Pittsburgh's Green Streets

Pittsburgh launches its own International Center of Excellence on High Performance Buildings

The Pittsburgh skyline as seen from Mount Washington. (Wikimedia Commons)

Last month on September 12, the United Nations Economic Council on Europe (UNECE) and the Green Building Alliance (GBA) signed an agreement launching the Greater Pittsburgh International Center of Excellence on High Performance Buildings. Pittsburgh is the second city in the world to participate in the program following New York City’s Building Energy Exchange, and will join a network of sustainability experts in an effort to reduce the effects of climate change and “distill best practices in design, construction, training, and policy into scalable solutions.”  

As one out of five commissions of the United Nations, UNECE works to improve access to clean energy and help reduce greenhouse emissions in order to meet Sustainable Development Goals as outlined in the Paris Agreement. Founded in 1993, GBA works to advance innovation in the built environment by “empowering people to create environmentally, economically, and socially vibrant places.” 

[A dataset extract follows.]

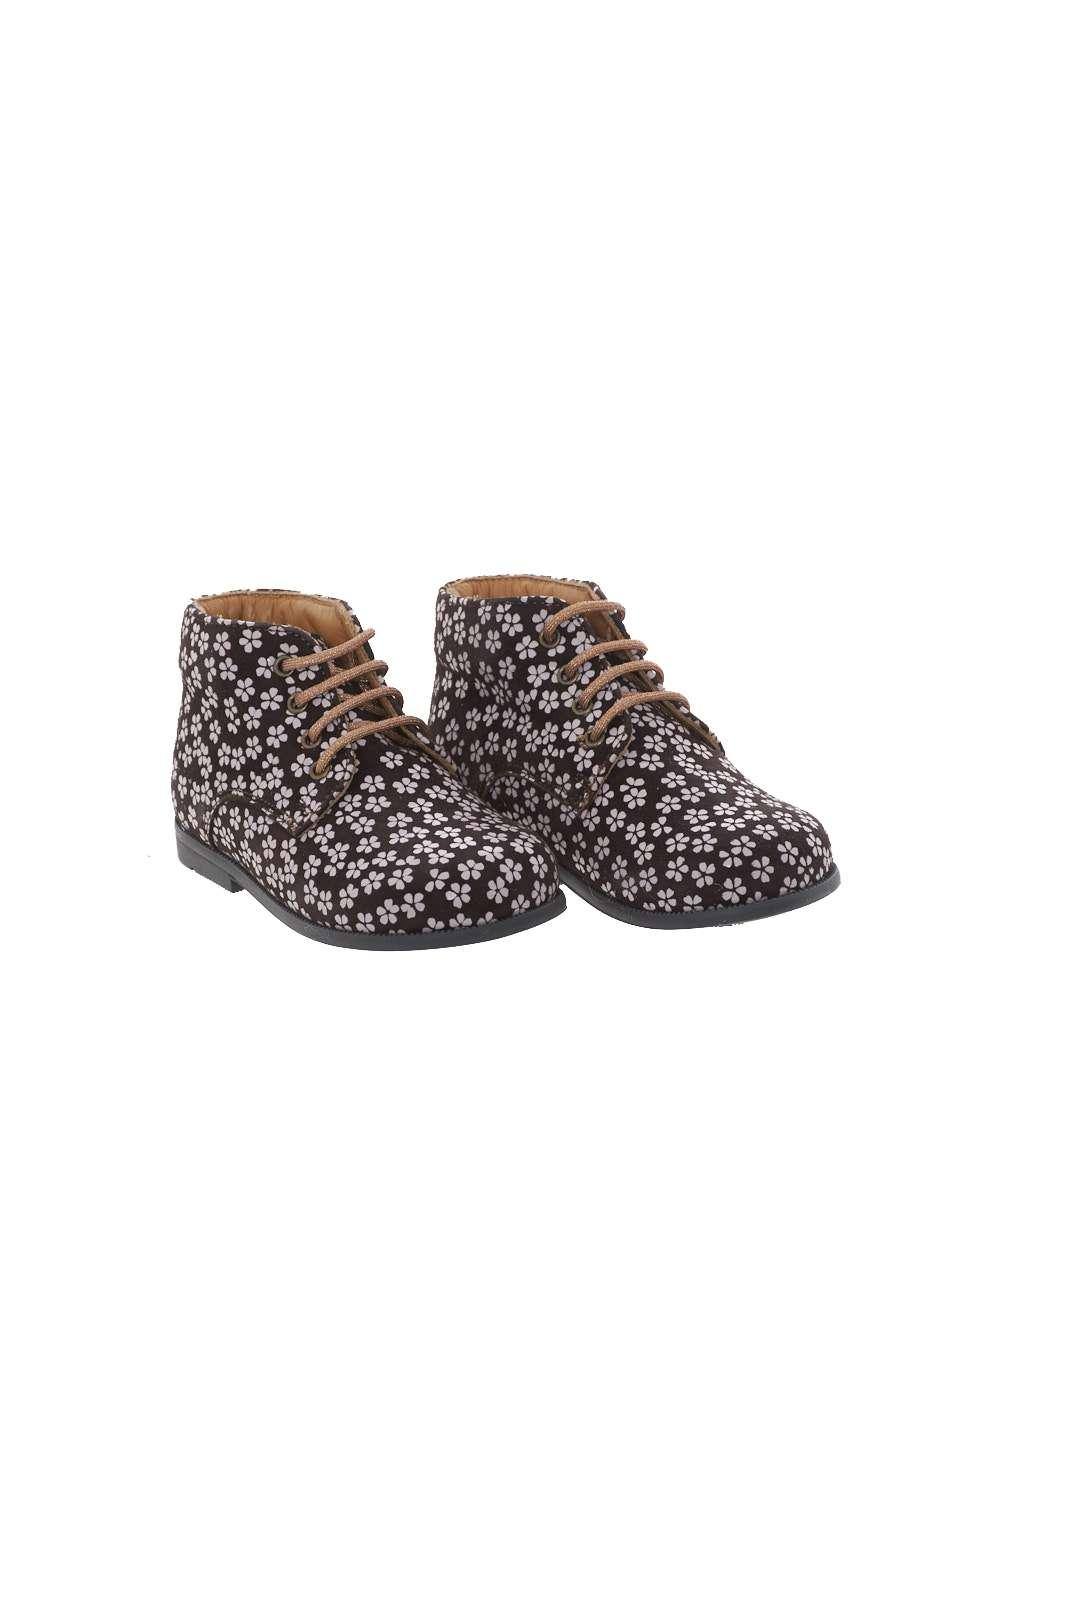 https://www.parmax.com/media/catalog/product/P/E/PE-outlet_parmax-scarpe-bimba-Two-Comme-moka-B_1.jpg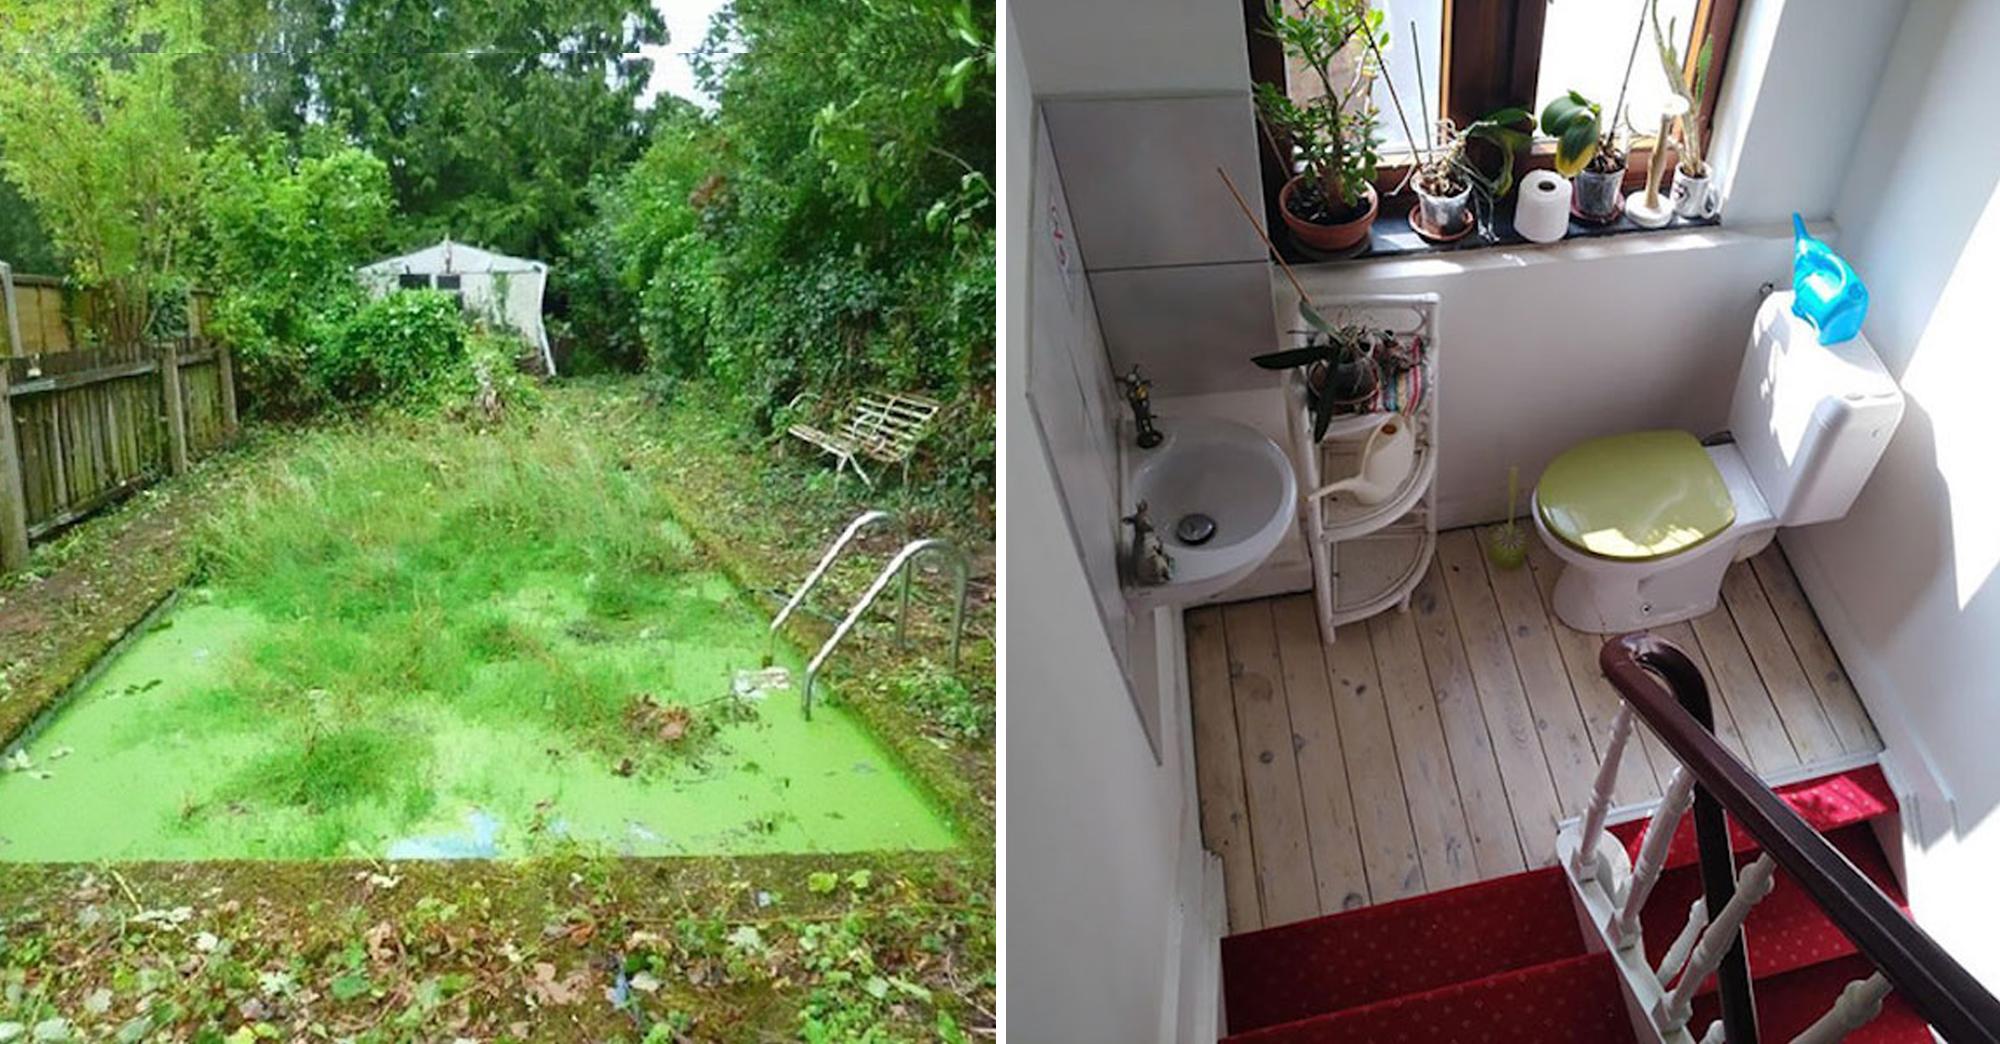 Ce site rassemble les pires photos prises par les agents immobiliers pour promouvoir des biens

“Of all the approaches to addressing the world’s climate challenge, improving the energy performance of buildings stands out. Beyond reducing our carbon footprint, this action will enhance quality of life, reduce energy bills, improve health, create jobs and encourage innovation,” said Scott Foster, UNECE director of Sustainable Energy, at the launch ceremony.



The Center will follow the UNECE’s Framework Guidelines for Energy Efficiency Standards in Buildings and will be a collaboration between regional partners, including the City of Pittsburgh and Allegheny County. In following the framework, the Center will conduct training programs for design professionals, host discussions, and advocate for local and state policy changes regarding building codes and energy regulations.

Pittsburgh has been well on its way to meeting these goals already. In early September, Pittsburgh’s Mayor Bill Peduto introduced legislation that would require all government buildings to be net-zero energy efficient, just weeks after the city released its first energy benchmarking report. Pittsburgh also has the world’s largest 2030 District, which strives toward 50 percent reductions in energy use, water consumption, and transportation emissions by 2030.

“The International Centers transform how we build cities, from the materials we use to building design and construction, to the policies that set new standards for the future,” said GBA executive director Jenna Cramer in a statement. Both GBA and UNECE hopes the Center will unite the area’s most influential developers, business leaders, and policymakers to “dramatically advance sustainable solutions.”